Sa signature sonore, un mélange de rythmes égyptiens, d’arrangements occidentaux et de percussions maghrébines, ouvre la voie à ce que des universitaires appelleront plus tard la “global pop arabe”. Le marché, jusque-là dominé par la nostalgie, se tourne vers la modernité.

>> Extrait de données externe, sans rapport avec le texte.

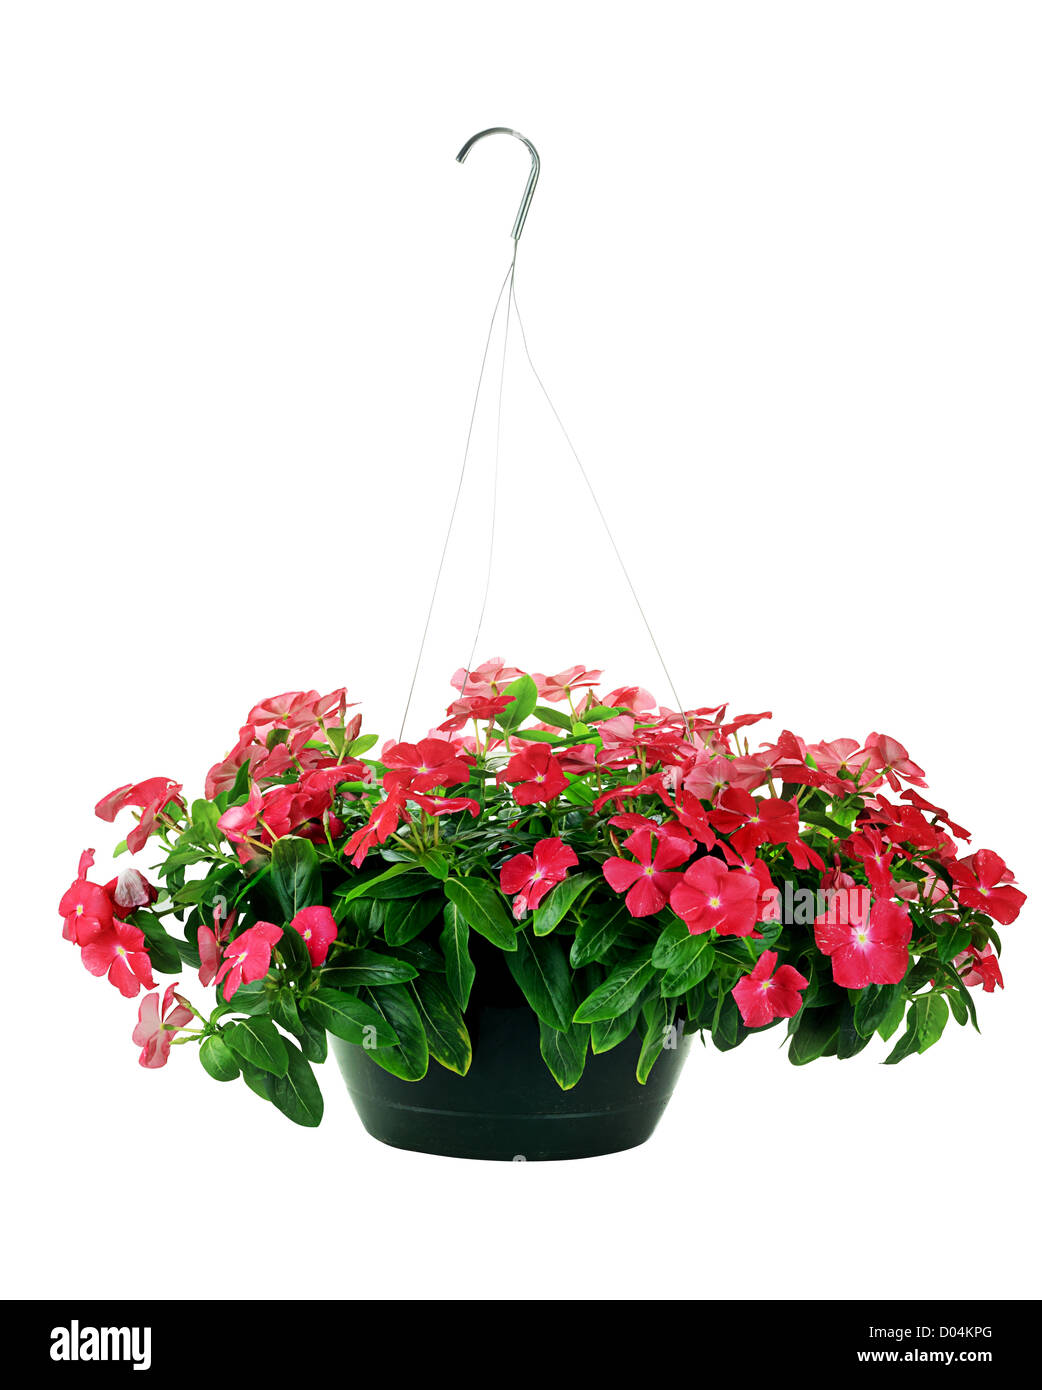 Hanging Basket with Impatiens flowers isolated over a white background with clipping path included. Stock Photo

Derrière les paillettes, la businesswoman tient la barre. Elle négocie ses contrats, lance une ligne de parfums et s’entoure d’un conseil artistique majoritairement féminin. Ce choix influence d’autres stars, de Sherine Abdel Wahab à Latifa, désireuses de reprendre le contrôle de leurs catalogues.
Les clips, eux, deviennent des plateaux de revendication silencieuse. Une chemise d’homme arrachée, un plan sépia rappelant les cabarets du Caire des années 1950, et l’inévitable final sur un toit de Manama : chaque détail nourrit un storytelling d’émancipation qui parle aux publics féminins.

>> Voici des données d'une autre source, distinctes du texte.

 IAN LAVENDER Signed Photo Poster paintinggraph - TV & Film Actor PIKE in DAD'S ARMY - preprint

Entre glamour et controverses
Aussi aimée que décriée, Haifa vit en permanence sous l’œil inquisiteur des tabloïds. Ils scrutent ses romances et sa silhouette, parfois au détriment de sa musique. “On me réduit à une image, je persiste dans le son”, répond-elle, consciente de ce double standard.
Les critiques les plus virulentes émergent souvent sur les réseaux, ces places publiques où la moralité se teste en hashtags. Toutefois, chaque polémique éphémère semble renforcer la fidélité de son fan-club, majoritairement féminin, qui se reconnaît dans son insolente résilience.
Des universitaires de l’American University of Beirut comparent son parcours à celui de Madonna, non pour la provocation, mais pour la capacité à survivre aux cycles médiatiques. En deux décennies, la Libanaise a su convertir la critique en matière première narrative.
Sur le plan légal, peu de recours aboutissent contre elle. Selon l’avocate culturelle Joumana Haddad, la libéralisation progressive des codes audiovisuels régionaux a fini par protéger son art. “Elle occupe un vide juridique que personne n’avait anticipé”, explique la juriste, mi-amusée, mi-admirative.
Le nouveau chapitre 2025
En novembre 2025, Haifa Wehbe signe la une de GQ Middle East, vêtue d’un tailleur ivoire qui tranche avec ses tenues lamées. L’entretien révèle une artiste plus posée, mais toujours offensive, prête à lancer un huitième album annoncé comme un retour aux racines.
Les premières écoutes laissent entendre des influences gnawa et afro-house, clin d’œil assumé à ses tournées maghrébines. Le producteur marocain DJ Van, impliqué sur deux titres, salue “une curiosité intacte, rare à ce niveau de carrière”, augurant d’un pont culturel renouvelé.
Sur Instagram, où elle compte désormais plus de quinze millions d’abonnés, la chanteuse partage les coulisses de ses répétitions et une série de photos prises à Abidjan. Elle y promet un concert caritatif en faveur de l’éducation des filles, alignant acte musical et engagement social.
En consolidant sa légende, Haifa Wehbe confirme qu’une artiste arabe peut vieillir dans la lumière sans se trahir. Sa trajectoire inspire déjà une nouvelle vague de chanteuses soudanaises et ivoiriennes, convaincues que la pop, loin d’être frivole, reste un formidable outil d’affirmation et de leadership féminin sur le continent.